DIRECTIONS FOR THIS TASK:
Without including the pictures, copy each line below exactly as it reads.

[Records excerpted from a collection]
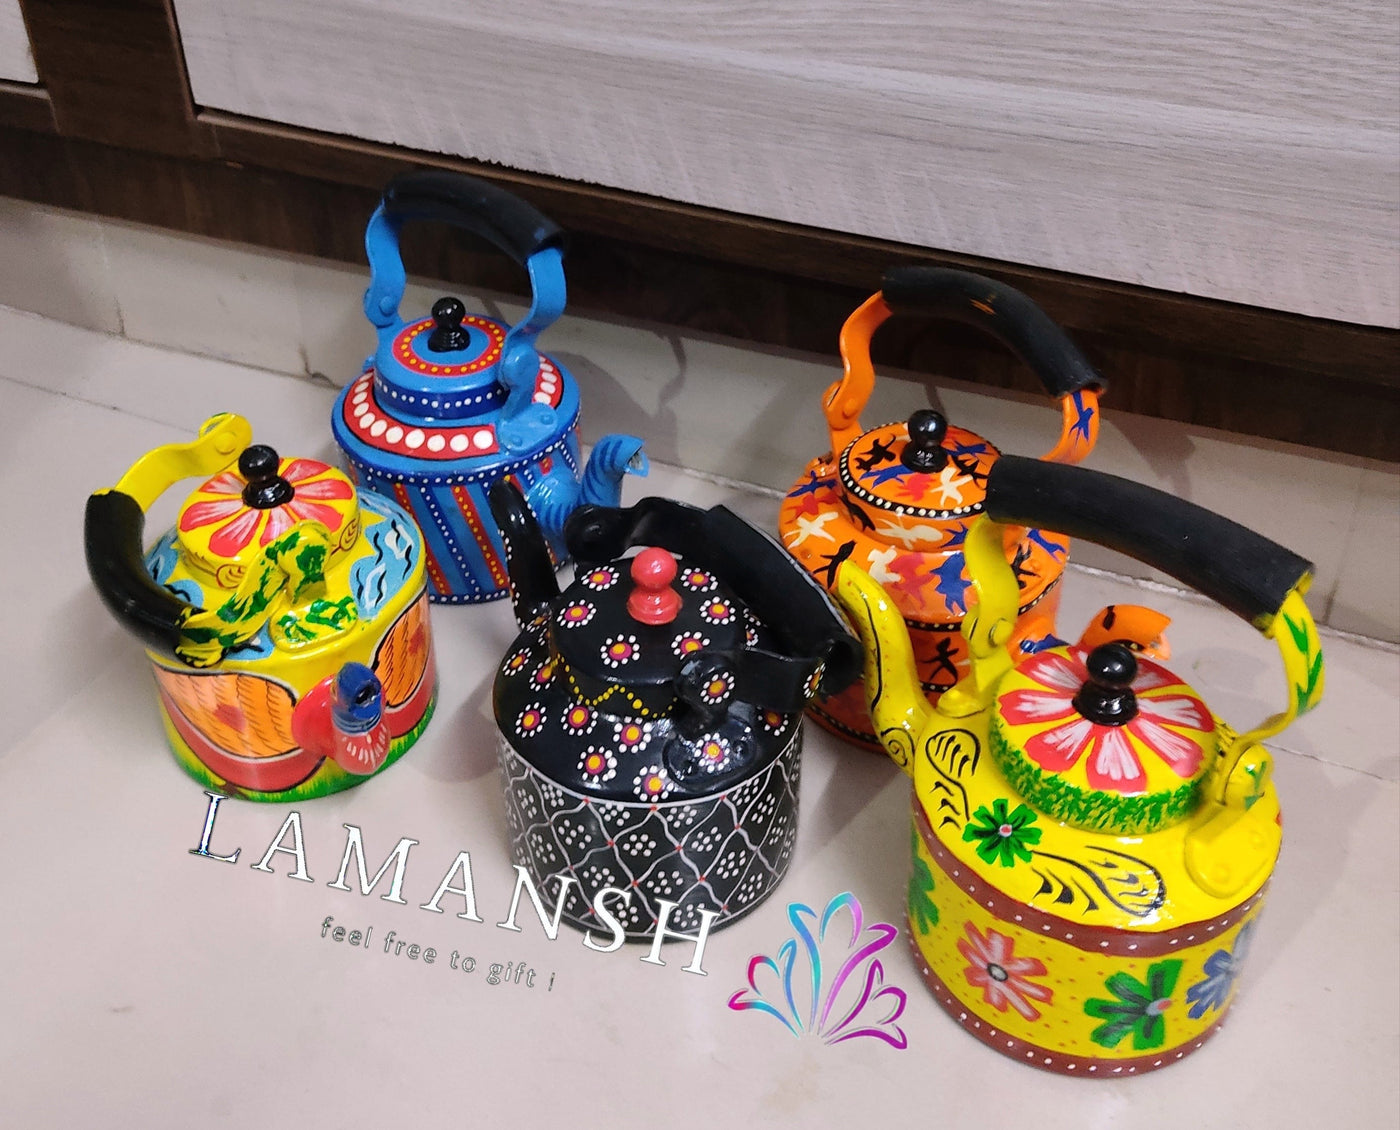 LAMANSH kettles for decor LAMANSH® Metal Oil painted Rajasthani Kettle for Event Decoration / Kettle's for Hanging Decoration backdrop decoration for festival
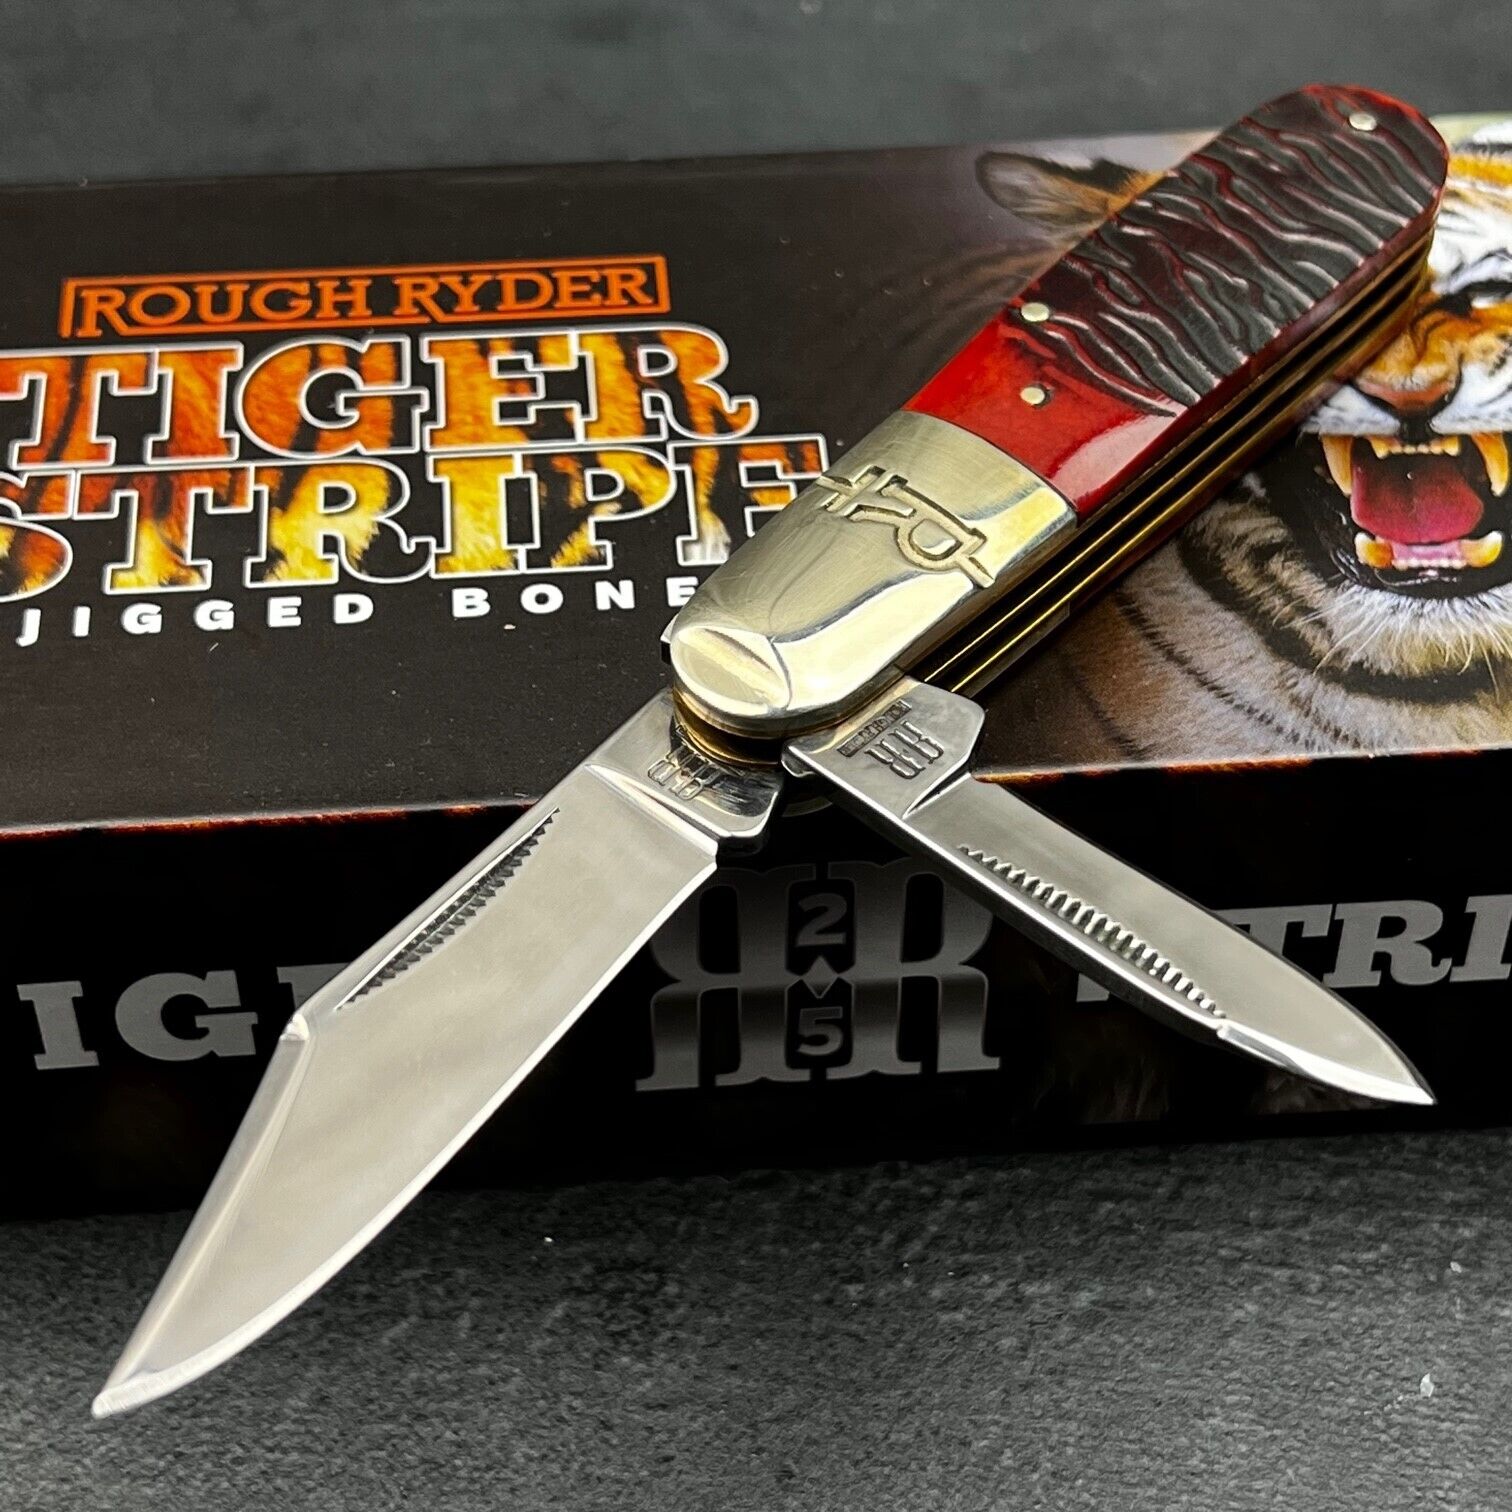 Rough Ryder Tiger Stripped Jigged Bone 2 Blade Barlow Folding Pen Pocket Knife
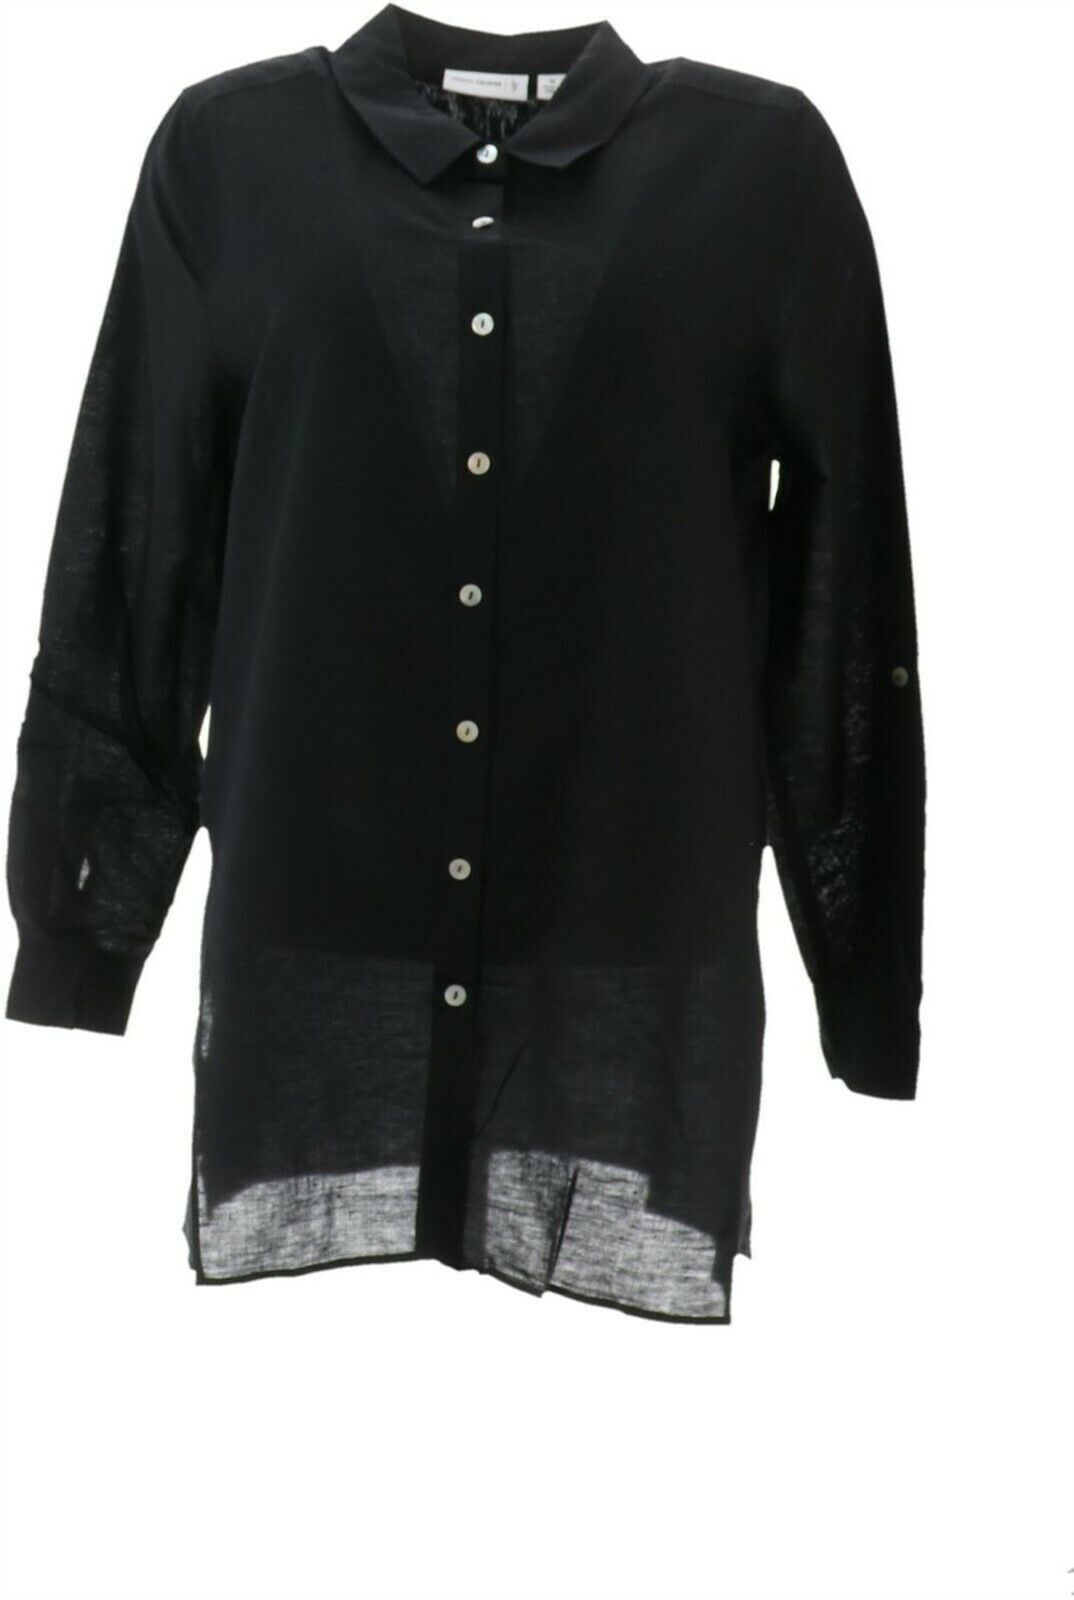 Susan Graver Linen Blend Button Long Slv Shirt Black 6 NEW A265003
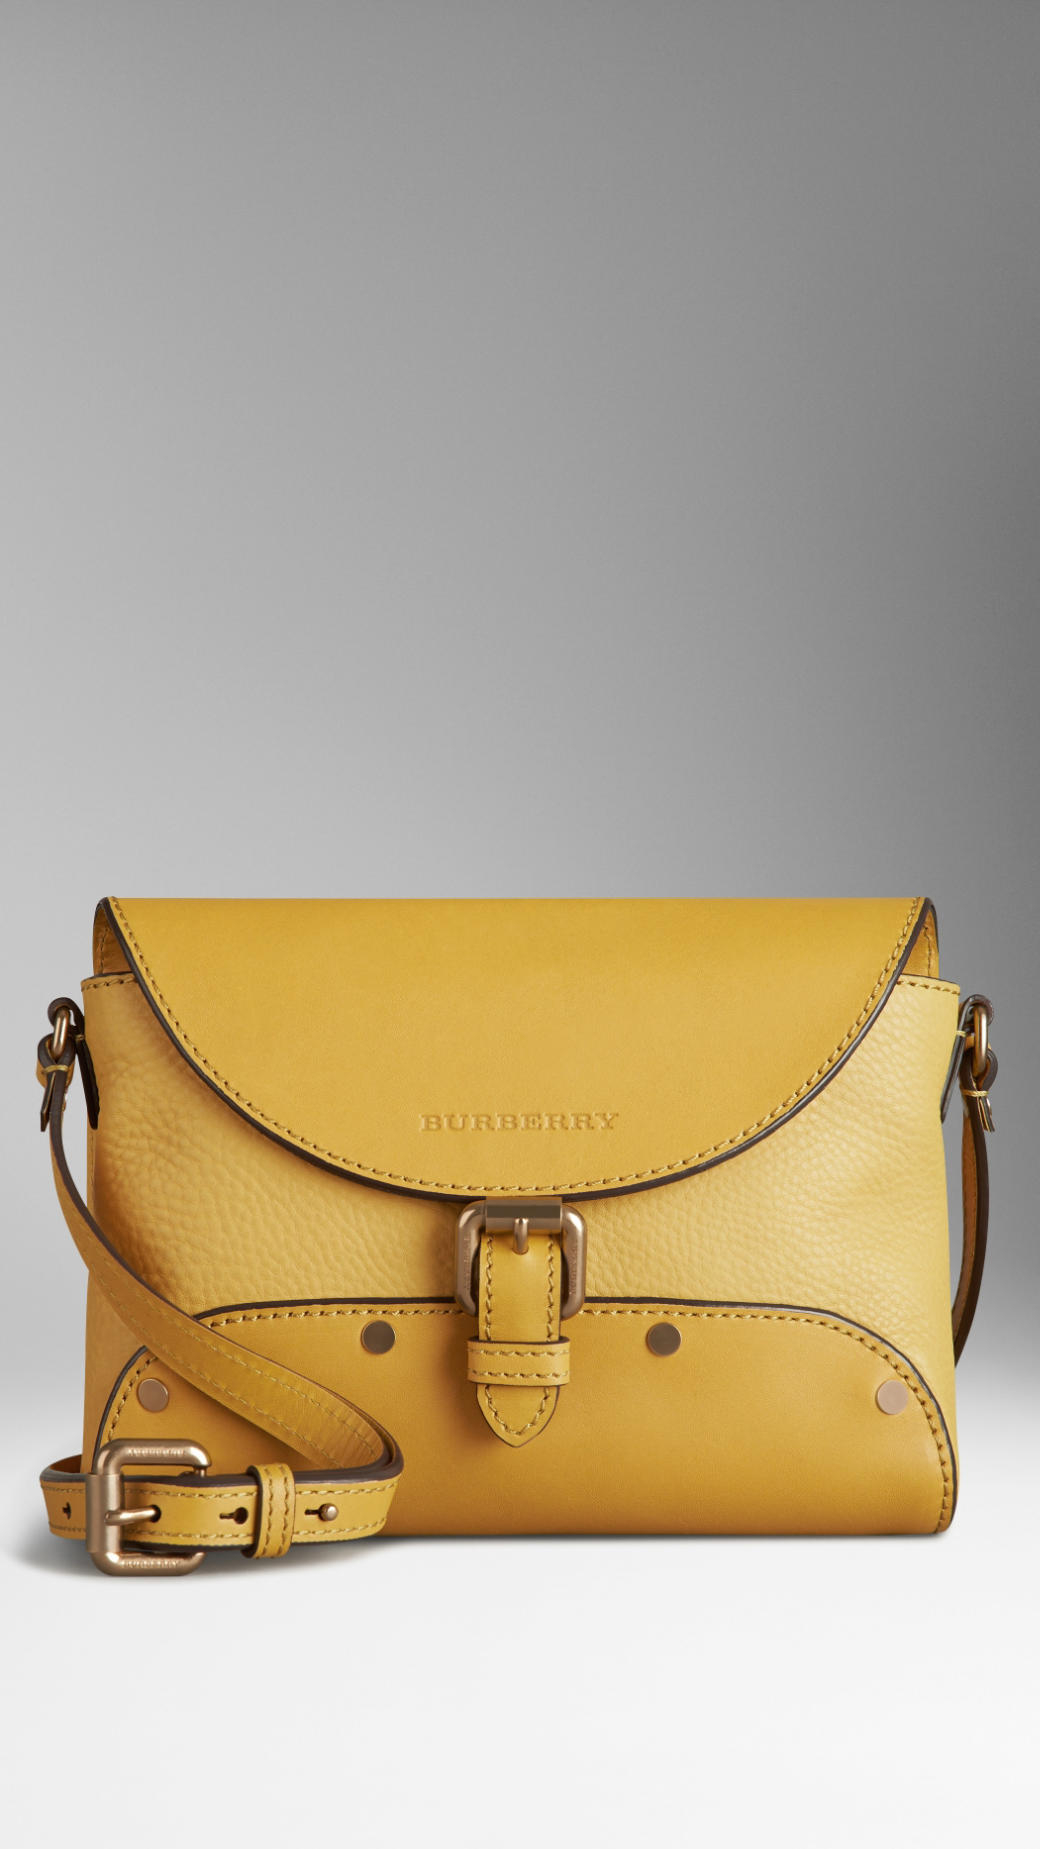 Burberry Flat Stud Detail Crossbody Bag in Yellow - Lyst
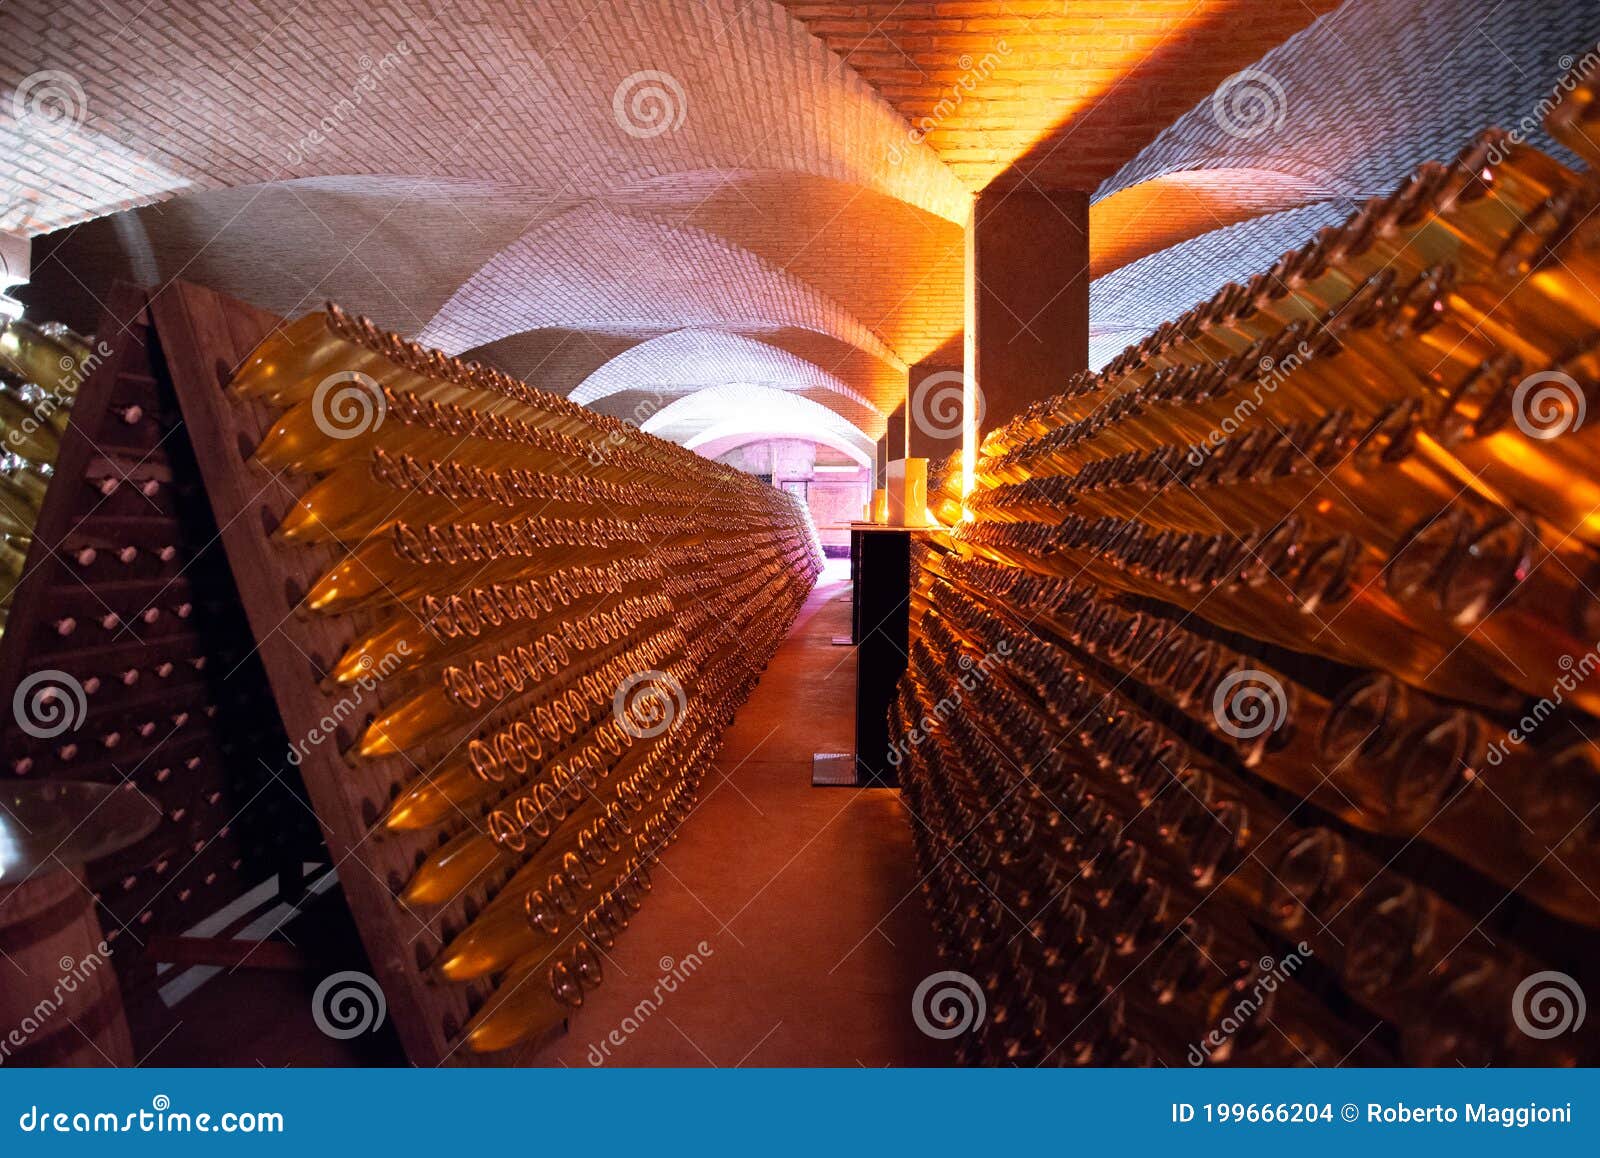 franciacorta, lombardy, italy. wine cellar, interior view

RESPONSE BELOW:
 LAMANSH kettles for decor LAMANSH® Metal Oil painted Rajasthani Kettle for Event Decoration / Kettle's for Hanging Decoration backdrop decoration for festival
 Rough Ryder Tiger Stripped Jigged Bone 2 Blade Barlow Folding Pen Pocket Knife
 Susan Graver Linen Blend Button Long Slv Shirt Black 6 NEW A265003
 Burberry Flat Stud Detail Crossbody Bag in Yellow - Lyst
 franciacorta, lombardy, italy. wine cellar, interior view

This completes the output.